El Jardín Infantil de la Familia
Estaba ubicado en el corredor de la casa, un espacio amplio y extenso. El suelo estaba hecho de tablas de nogal, teñidas con anilina y enceradas con parafina disuelta en un líquido desconocido. En este lugar, aprendimos a caminar, a beber el biberón que se almacenaba en una botella de colkana, y a pedir la bacinilla antes de necesitarla. También era aquí donde recibíamos nuestros alimentos, servidos en platos de lata esmaltados que, aunque se pelaban, nunca se astillaban ni se rompían, dejando una arruga negra donde antes había una flor.

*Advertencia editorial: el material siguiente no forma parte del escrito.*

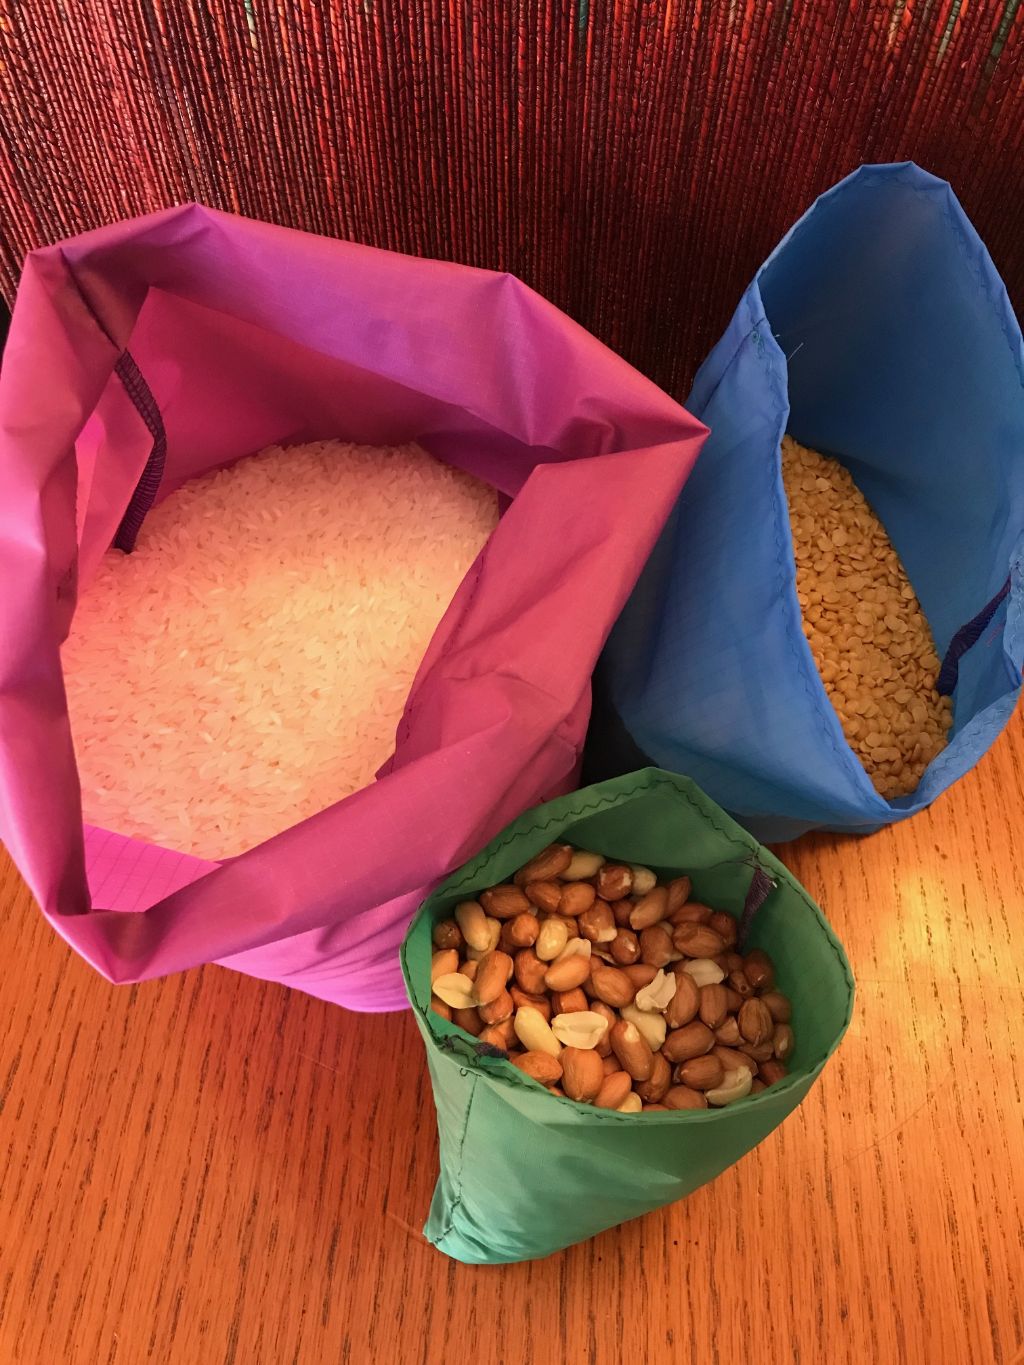 Bulk Bin Bags Flour Grain Bags - 6 pack

Siempre sentados en el suelo, si derramábamos la comida, “Tony”, nuestro fiel perro, venía meneando la cola para limpiar el suelo de sobras y agradecernos con besos en la cara. Un andén de ladrillos separaba el corredor del patio de tierra, un nivel más bajo que nuestro piso. Solo cuando cumplíamos cuatro años, se nos permitía dar ese paso hacia la libertad y disfrutar de un hermoso patio de tierra con suficiente espacio para correr y jugar a cocinar sin fuego, arepas y buñuelos de tierra húmeda que, a veces, nos atrevíamos a probar.
En el patio, había flores que mi madre cultivaba con amor y que nosotros comíamos cuando no estaban vigilándonos. Tenía una preferencia especial por los anturios rojos, amargos pero sabían a carne. Mi hermano, por otro lado, prefería los gusanos de santamaría o las lombrices de tierra, verdaderos manjares. La comida verde, como grillos, cucuyos, pasto y hojas tiernas, era parte de nuestra dieta.

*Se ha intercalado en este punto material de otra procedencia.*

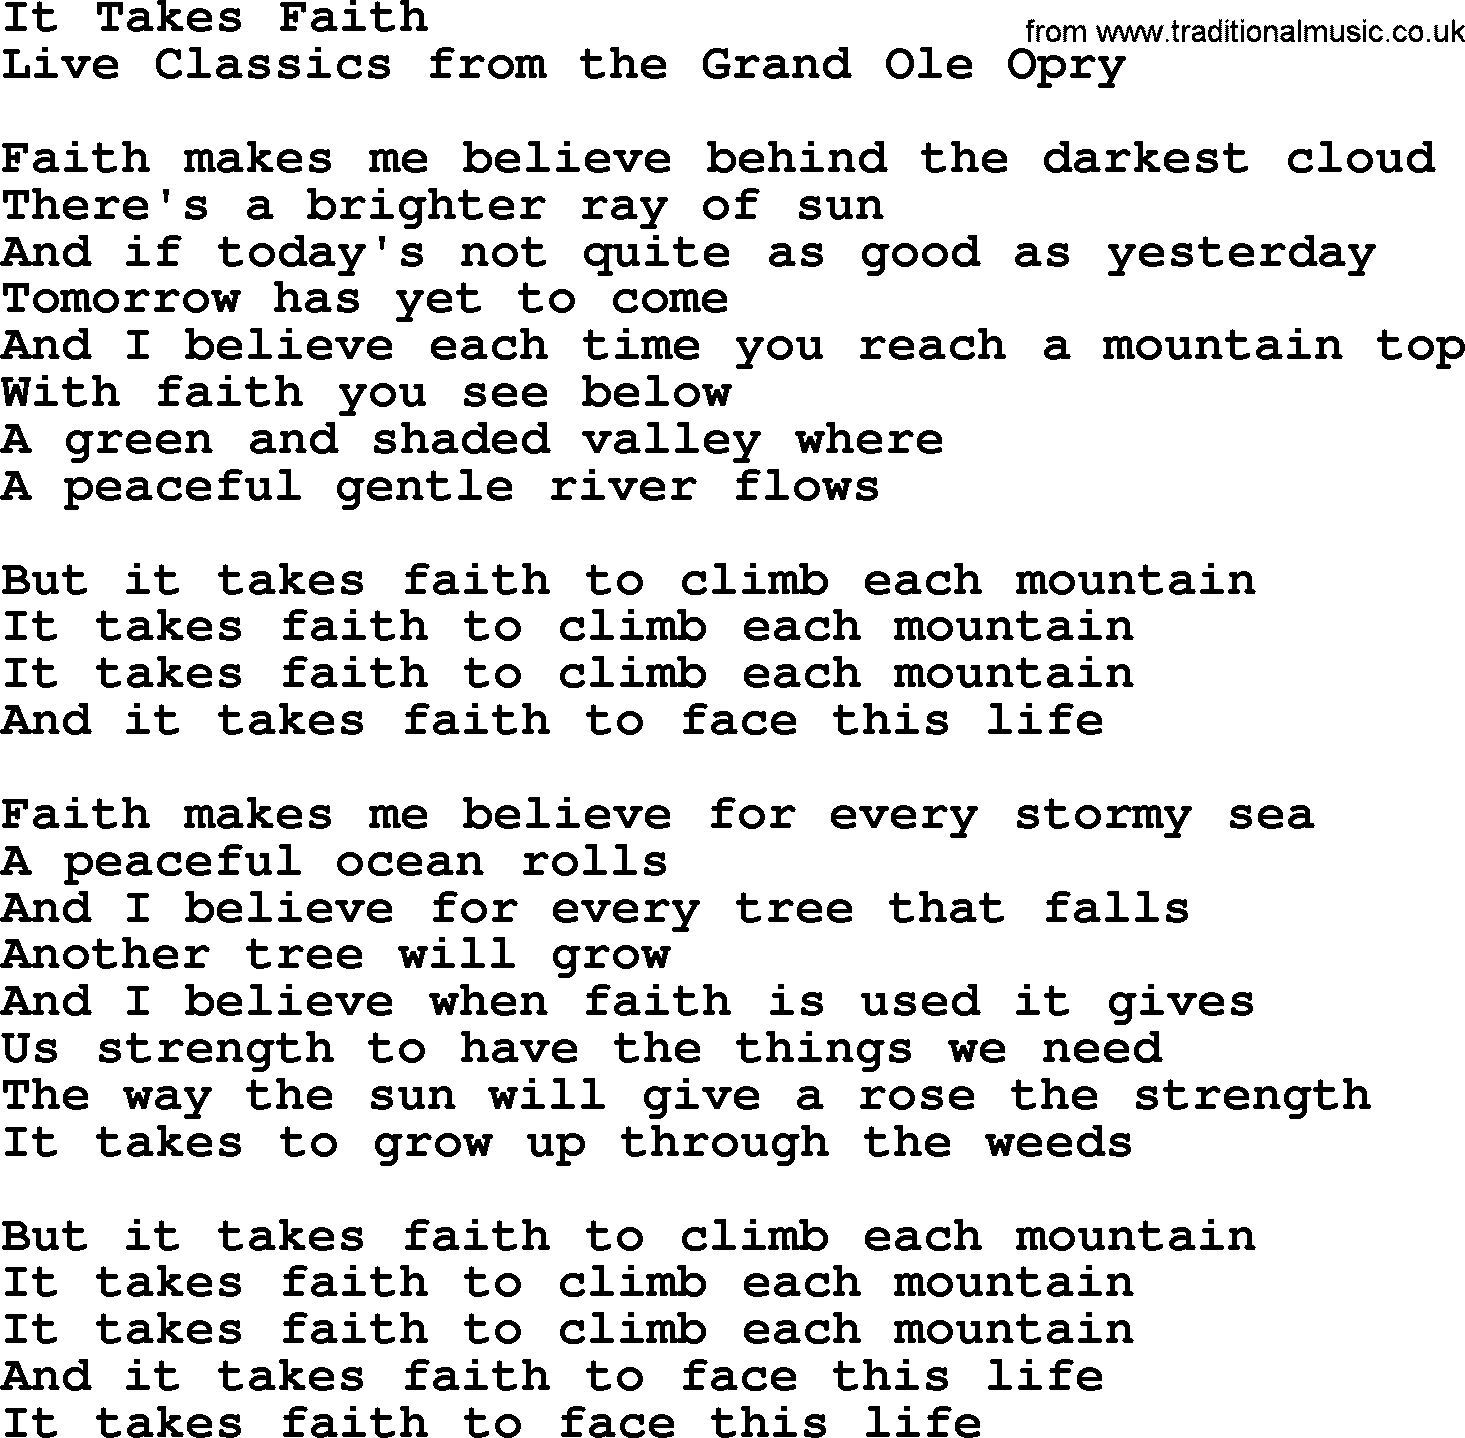 Marty Robbins song: It Takes Faith, lyrics

Por las mañanas, cualquier adulto que pisara el corredor debía pronunciar en voz alta “a e i o u” para que repitiéramos, o “b con a – BA” y “t con e TE”. De esta manera, aprendimos a leer. Nos contaban historias de Colón, de Bolívar, de Jesús, los departamentos y capitales de Colombia, las sumas, las restas y, por cada respuesta correcta, recibíamos un sabroso dulce de leche, arequipe o caramelo. El hojarasquín del monte, la bruja buena o los zapatos de siete leguas, eran cuentos para antes de dormir.
Extrañé mucho mi patio cuando fui a la escuela. No había juegos con tierra, flores o insectos, ni premios por las respuestas acertadas. Lo peor de todo era que ya sabía lo que la señorita Zara pretendía enseñarme. Lo único que me gustaba de ella eran sus ojos y labios rojos, que inspiraron mi primera carta de amor. Agradezco enormemente a la vida y a mis padres por esa infancia en contacto con la naturaleza. Me dio la oportunidad de ser quien soy y de poder contarlo con orgullo.